A Telegraph article offering an optimistic vision of life outside Europe has thrust Boris Johnson back into the political limelight.
Is the Foreign Secretary and leading Leaver considering a run for the Tory leadership? Should Theresa May sack him? Did he make a tactical error in reviving the controversial claim that Britain pays £350m a week to the EU?
We can’t answer all of these questions, but we can see how Johnson has changed his position on some of the key Brexit issues.
What’s the new £350m a week claim?
Here’s what Boris actually said in the article (it’s on the Telegraph website behind a paywall, but reproduced in full on his Facebook page).
“And yes – once we have settled our accounts, we will take back control of roughly £350 million per week. It would be a fine thing, as many of us have pointed out, if a lot of that money went on the NHS, provided we use that cash injection to modernise and make the most of new technology.”
This paragraph led to a slap-on-the-wrist letter from the UK Statistics Authority Chair Sir David Norgrove…
… to which Johnson quickly responded (here).
The back story is that Leave campaigners – starting with Ukip, years before the EU referendum campaign – have always sought to use the highest possible figure when discussing Britain’s contribution to the EU budget.
They tend to focus on a gross figure, rather than a net figure – which takes into account the rebate Britain negotiated in the 1980s, and ways in which EU money paid into Brussels eventually flows back to the UK.
We’ve FactChecked this to death in the past and the full detail is here.
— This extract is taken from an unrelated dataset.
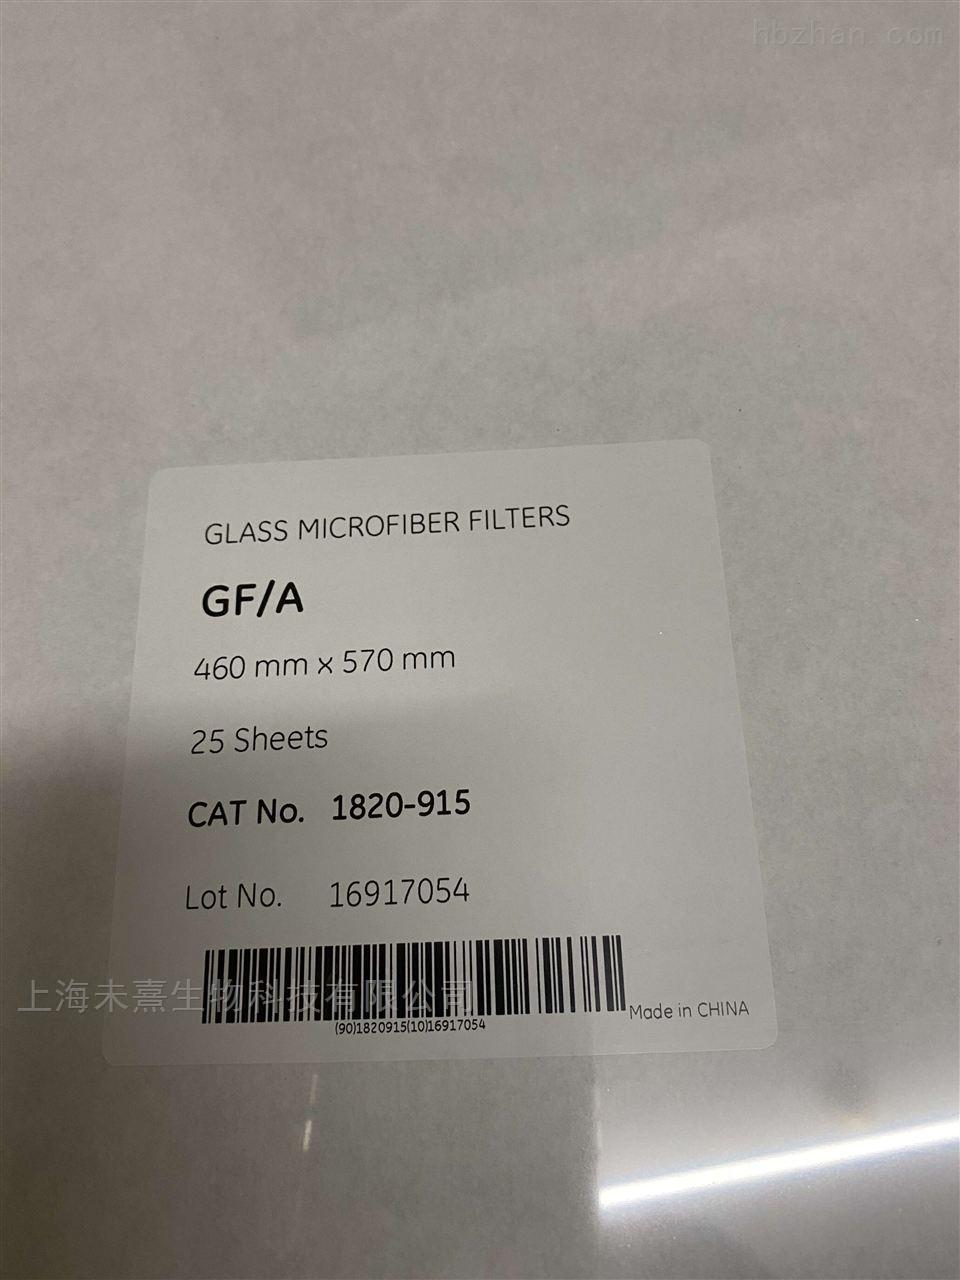 WHATMAN沃特曼GF/A玻璃纤维滤纸460*570mm

Suffice to say that Britain does not in fact spend anything like £350m a week on EU membership fees.
Vote Leave was told this repeatedly by the UK stats watchdog, the Treasury Select Committee, think-tanks like the Institute for Fiscal Studies and independent fact-checkers like us, but chose to put the number at the heart of the referendum campaign.
Was Boris right?
If we go back to the precise wording of the Telegraph article, we can see that the Foreign Secretary chooses his words fairly carefully.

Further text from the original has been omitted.